Aha! But now we have to start taking Nevirapine twice a day. For
sure the rashes will come. They didn't! Phew! I asked our Doctor
if we could leave Australia and return to work. "It's probably
the best thing for you," he said. "I will take some blood samples
to monitor your status and you can be off." Back in his office he
took more samples. It didn't hurt as much this time. It was
normal. "What do you think, Darren?" I asked as he was drawing my
blood. "I expect you'll both be undetectable," he said with
confidence. "And if we are not!?" I quickly responded. He frowned
and looked at me. "I've done this enough times to know," he said.
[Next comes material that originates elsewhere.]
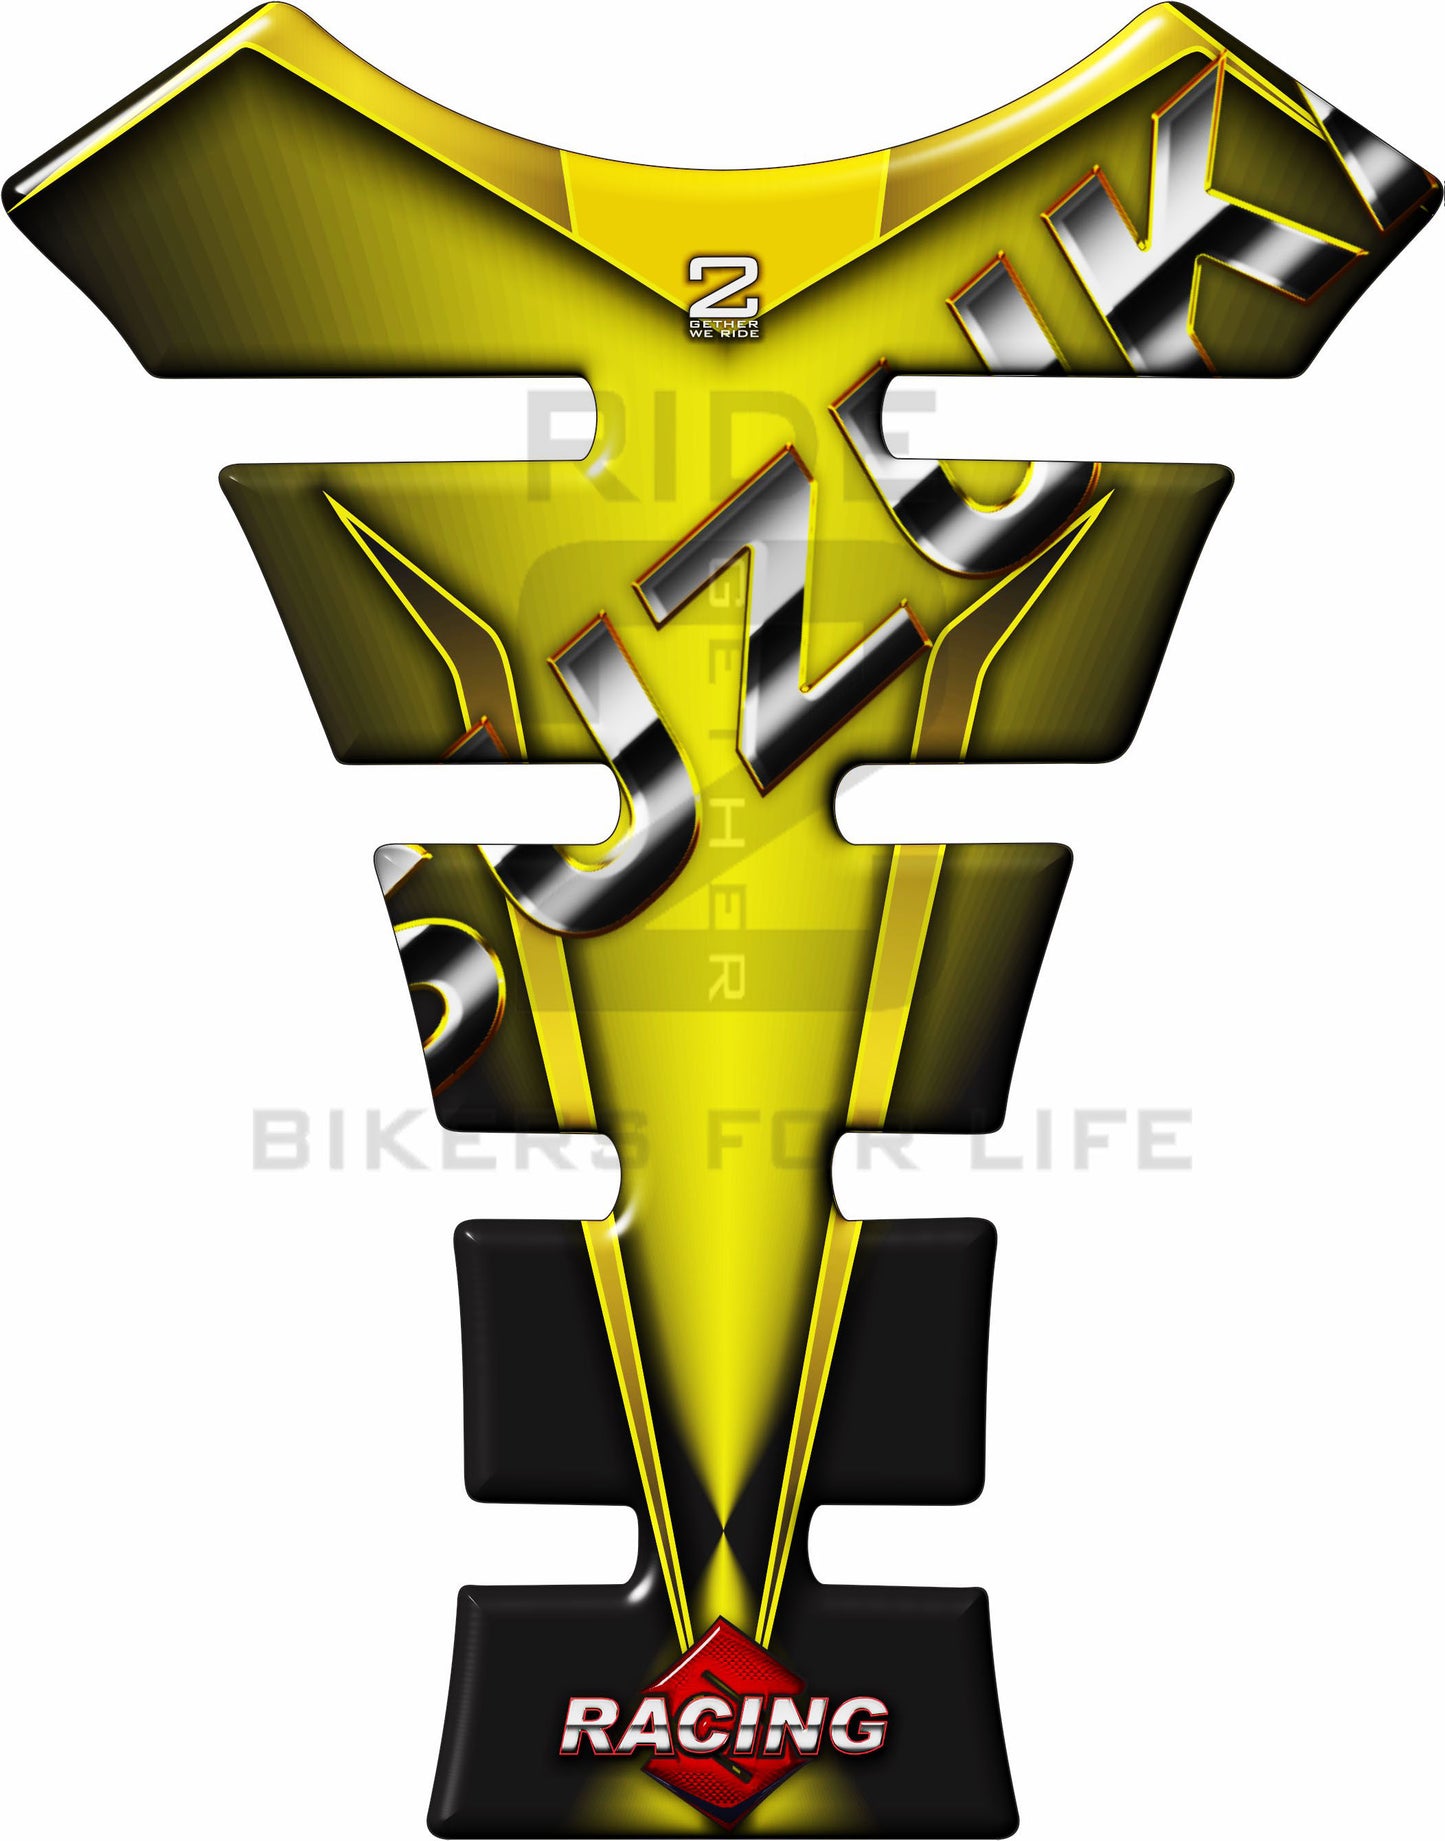 Suzuki Yellow, Black and Chrome Motor Bike Tank Pad Protector. Fits 1990 - 2023 models.

Six weeks after finding out we were HIV+ my wife and I took three
months supply of drugs and back to work in Asia. Upon leaving
Australia I called our doctor and that Scotish voice at Aidsline
and thanked them for putting us on the right path. I just wonder
where we would have been if I did not see that number on the
internet. Probably in Mexico having my blood boiled in a soup.
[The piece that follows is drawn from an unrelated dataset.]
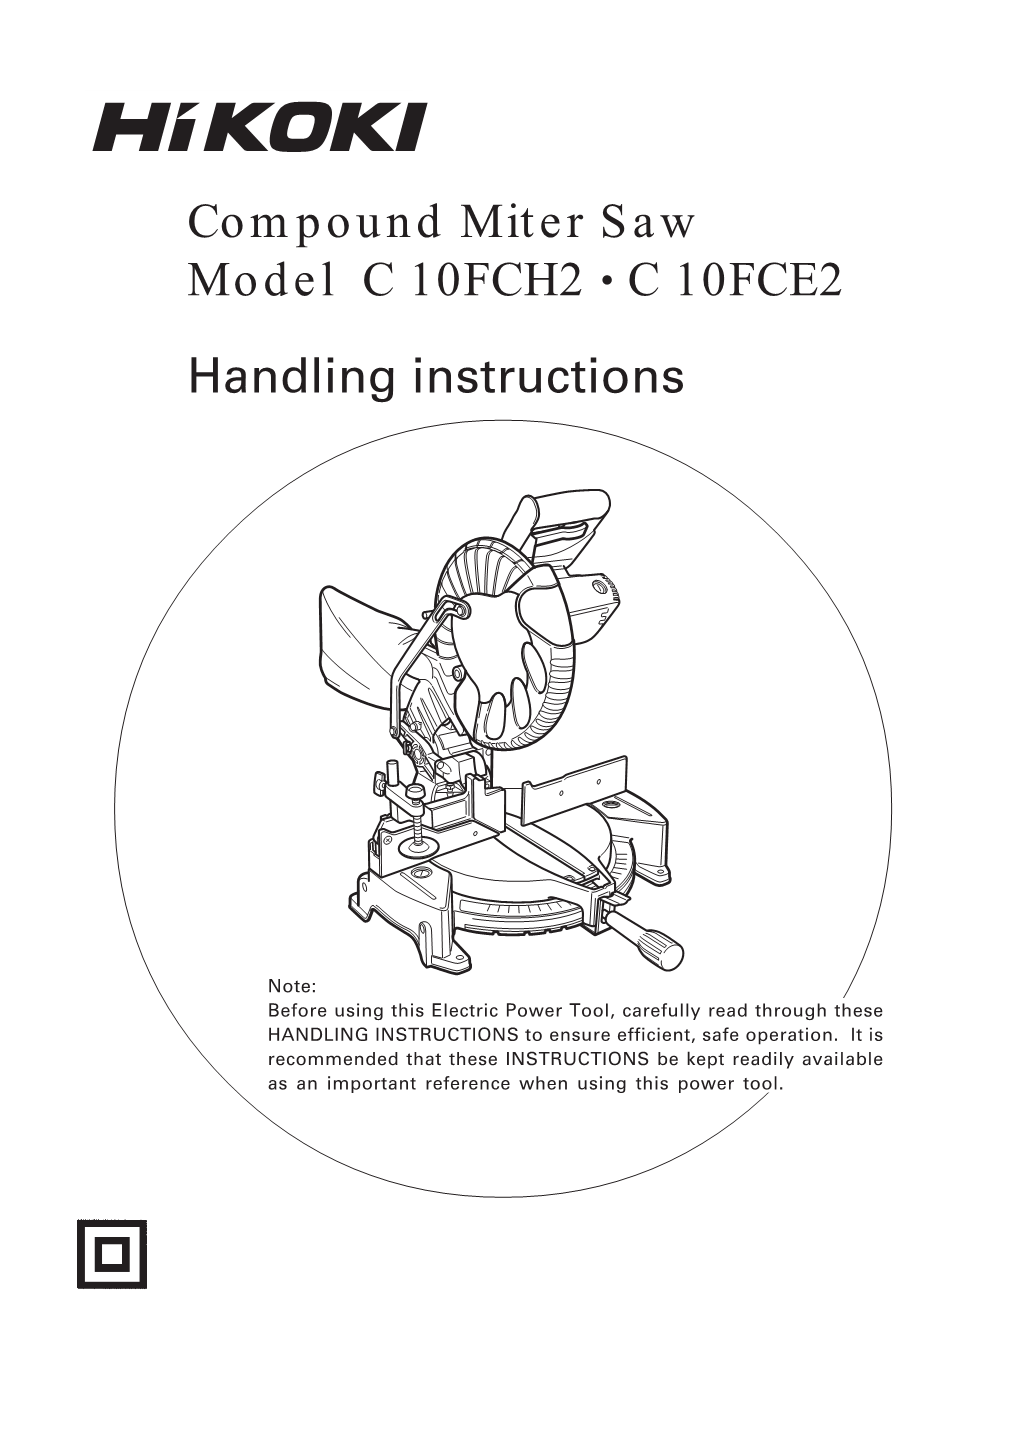 Compound Miter Saw Model C 10FCH2 • C 10FCE2 Handling Instructions

Now, armed with our lifesaving drugs in a shoe box (I wear a size
9) It fits exactly a three-month-supply of drugs for two people
and little alarm clock, we believe that there is nothing wrong
with us. That's how we feel. These drugs have really made a
difference! It may be denial but heck to live one year or fifty
years live it the best you can! The whole experience has made me
realize how uneducated (even though formerly I was a school
teacher!) I was about HIV (Now I am an expert!) I realize also
how prejudiced I was about the gay sector. Sorry guys. We owe you
a lot. Your battles have given us what we have today to fight
this stuff. Darren made sure I understood this. HIV is not a GAY
disease it's a people disease! I JUST WONDER HOW MANY PEOPLE HAVE
IT AND DON'T KNOW UNTIL THEY DROP DEAD! Relatives will think poor
dear died of pneumonia, or died of cancer.... GET A CHECK UP AND
GET SOME TREATMENT BEFORE IT'S TOO LATE! It's not confined to
sex, drugs (needles) as everybody thinks. I do not smoke, I do
not drink, I have sex only with my wife and what do you know I'm
HIV+. ANYBODY CAN GET IT. IT DOES NOT DISCRIMINATE COLOR, RACE,
SEXUAL PREFERENCES OR DRUG USERS. HIV testing should become
compulsory for everybody. I never would have dreamed of doing an
HIV test. Why should I? I was not in any risk category. Thank God
that doctor in Thailand did the test (for reasons I still don't
know). I believe the number of infections that we know of is the
tip of the iceberg. There are definitely many unknown infected
people out there that don't know and could be infecting others.
If I was not married I too could have passed it on to more people
than just my wife! You know after all this everyday seems
brighter, my wife and I are much closer and life is just so much
better (no matter how long it is!). We also have made a few new
friends doctors, therapists and pharmacists. WE BELIEVE THAT THIS
HIV THING WILL NOT KILL US! A week after departing from
Australia, Darren emailed us our results. After three weeks of
therapy we are both undetectable. CD4 is in the normal range. My
wife 520. Myself 750. We celebrated. We will beat it! Our next
test is due in July (three month interval). We pray that all
continues to go well. I would love to hear from others! James.